This week’s selected media, April 26, 2026: The Great Divorce and How to Know Your Self
This week I finished:

How To Know Your Self: The Art and Science of Discovering Who You Really Are, by soon-to-be podcast guest J. Eric Oliver: I’m scheduled to record an episode with Oliver. He is a professor at the University of Chicago. He teaches in the political science department, but has also taught a course for undergraduates that is apparently popular on knowing yourself.
As I understand, this book is based on that course. People had asked him for years if he could recommend a book on knowing yourself. He could recommend hundreds, but not a single one, so he wrote it.

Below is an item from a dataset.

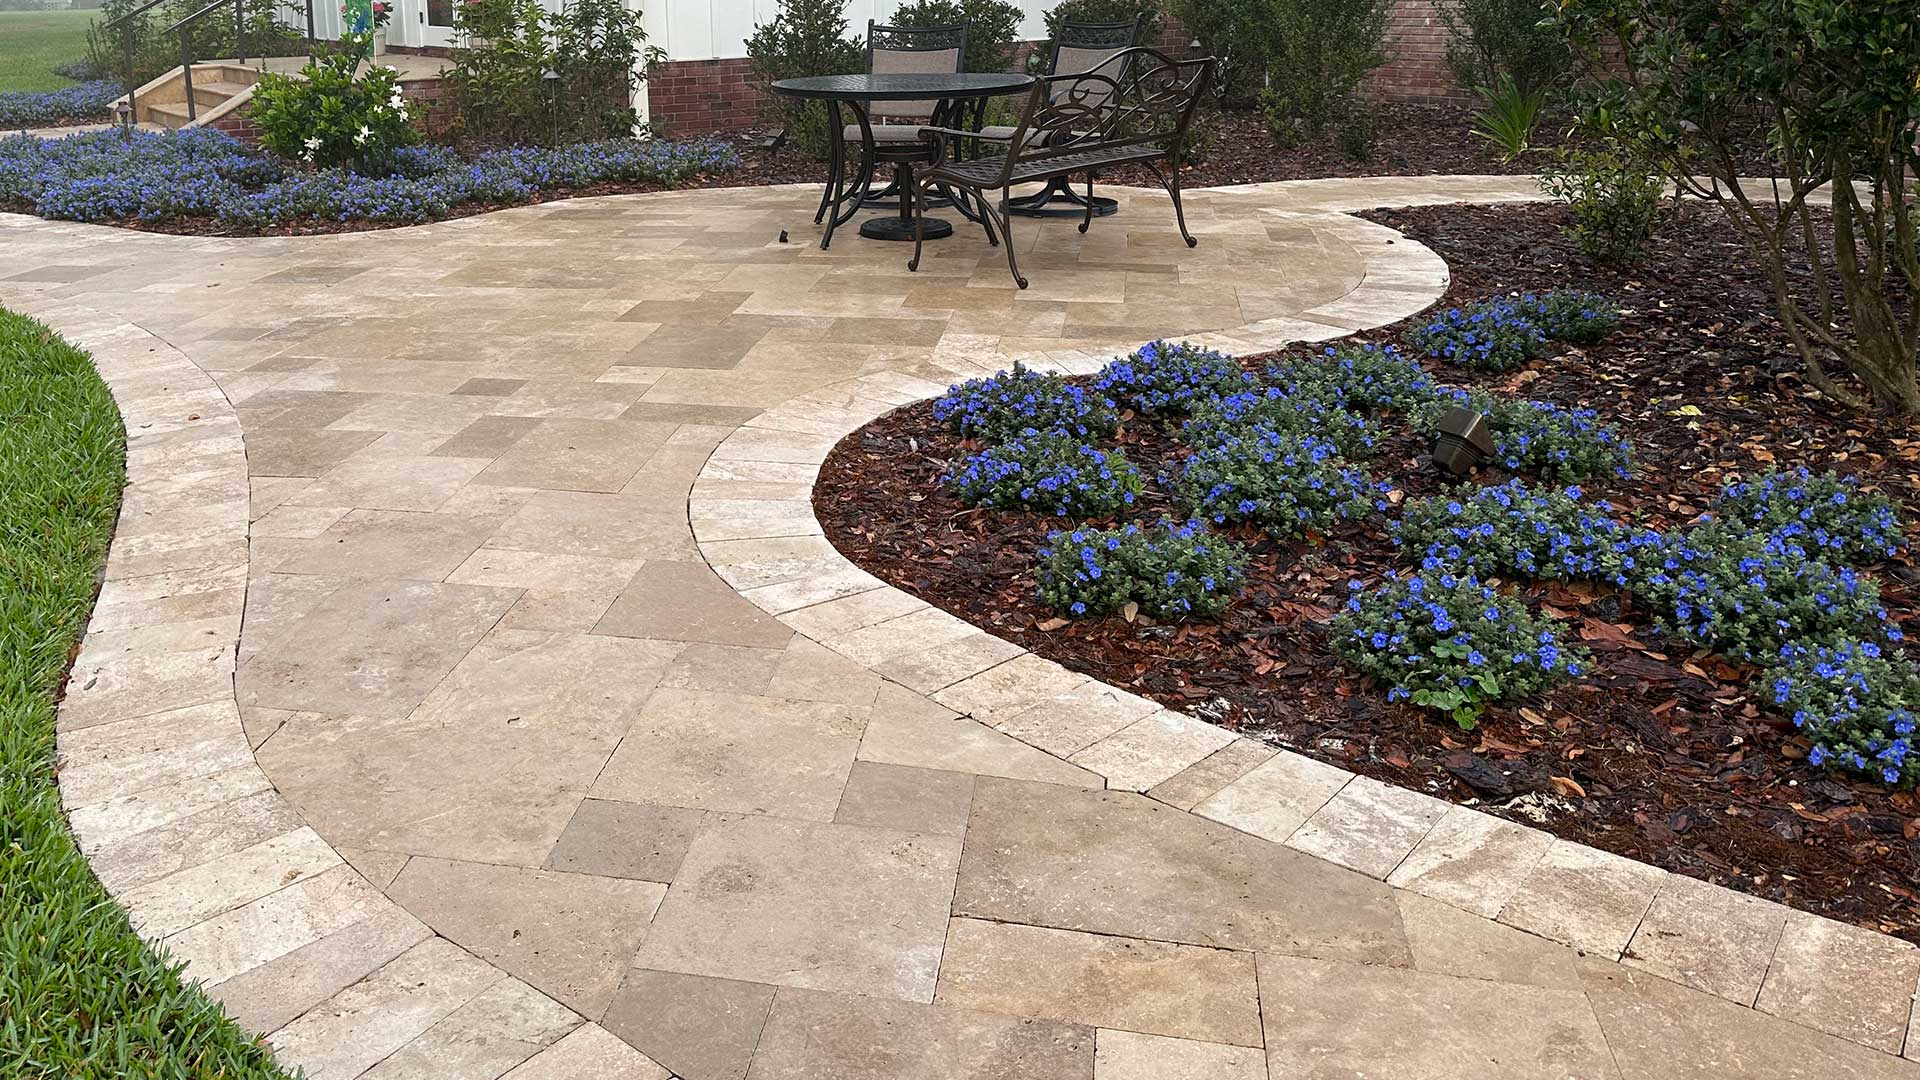 Patio paver and walkway with new landscaping at a home in Bartow, FL.

The book overlaps with my leadership classes and my book Leadership Step by Step, though mine is more experiential. His covers a lot more of how humans became humans: evolution, language, social interactions. He’s done many ten-day silent meditation retreats too and has daily practices, which he suggests are some of the most valuable things you can do.

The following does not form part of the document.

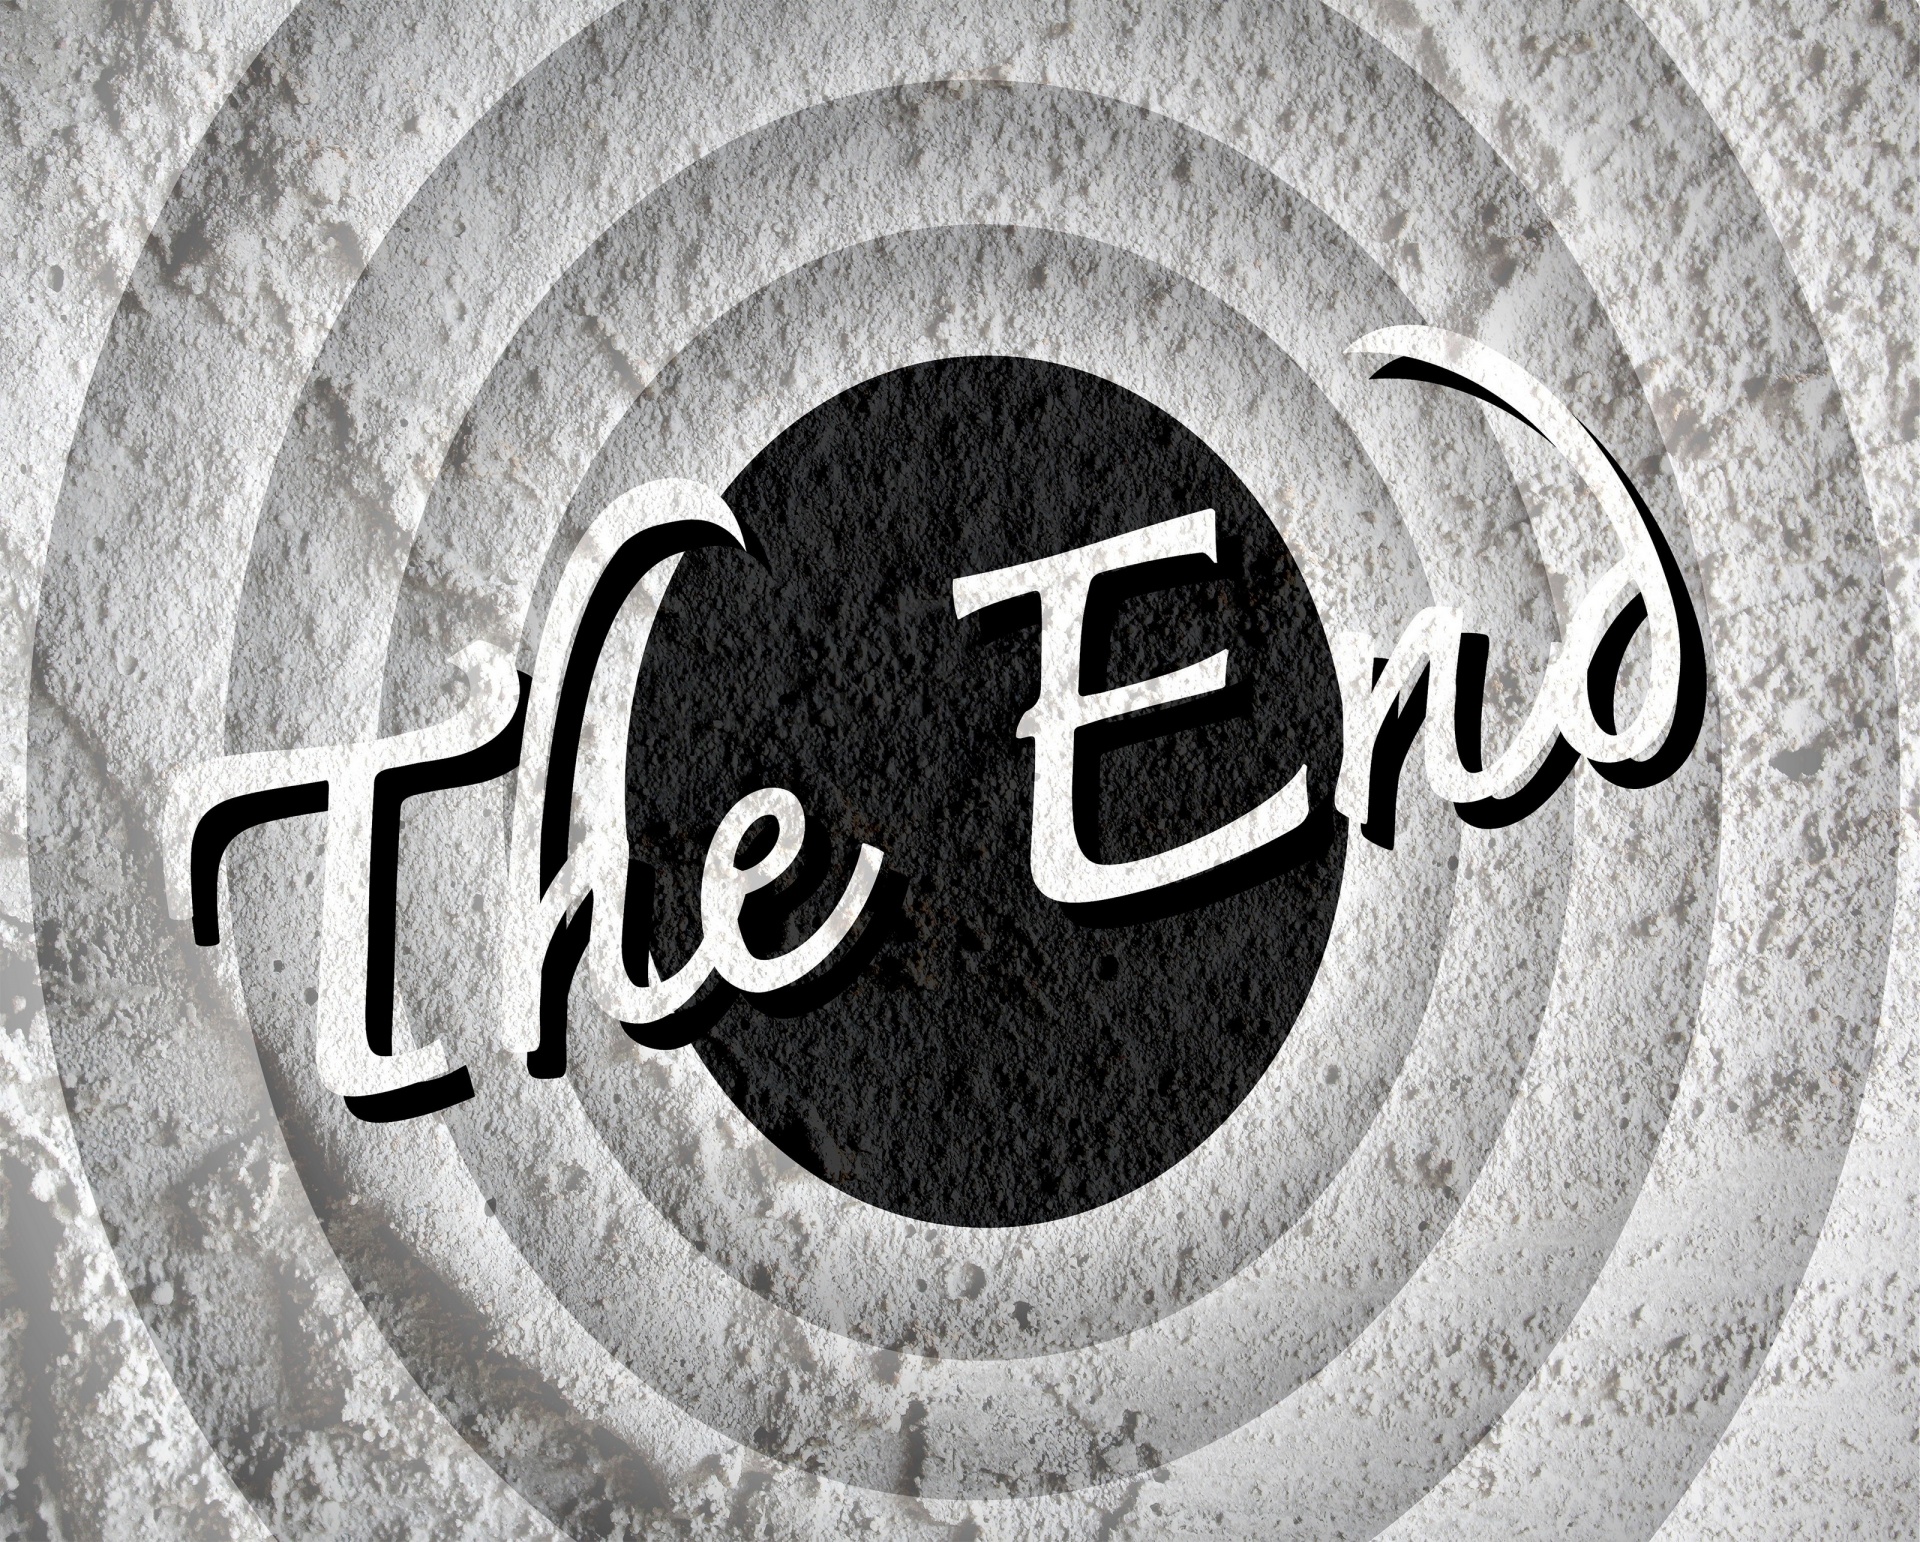 The End Movie Ending Screen On Cement

I look forward to our conversation coming soon. His book could be used in any time, but I’m curious his thoughts about meaning and purpose today, in the wake of generations of credible threats to civilization. He doesn’t cover meaning, purpose, or civic duty much. I consider them important for living well in any time, but today, finding them seems easy when there are a small number of top priorities to avoid apocalyptic calamity.
Then again, most people don’t see solutions. It took me decades of hands-on practical experience to find them. People who don’t know about something can’t work on it.

The Great Divorce, by C.S. Lewis: Podcast guest Eric Metaxas has a book club that meets in person that is reading this book, so I finished it. Plus I recently finished The Abolition of Man. This book, a novel, is more accessible.
It’s been a long time since I read The Divine Comedy, or the parts assigned in college, but this book is like it. It recounts a person’s journey visiting hell, or purgatory, then heaven. Those in hell aren’t being punished with fire and torture. They’re trapped by being stuck by their shortsightedness, selfishness, or other fixations that keep them from connecting with Jesus.
Hell is that separation. People bring it on themselves. Heaven is the connection available to all. As he writes, heaven is people saying to Jesus, “Thy will be done.” Hell is Jesus saying to them, “Thy will be done.”
The book was published in 1945. With war raging in Europe, Lewis could have written about Nazis and fascists going to hell, but he wrote about ordinary people fixated on themselves.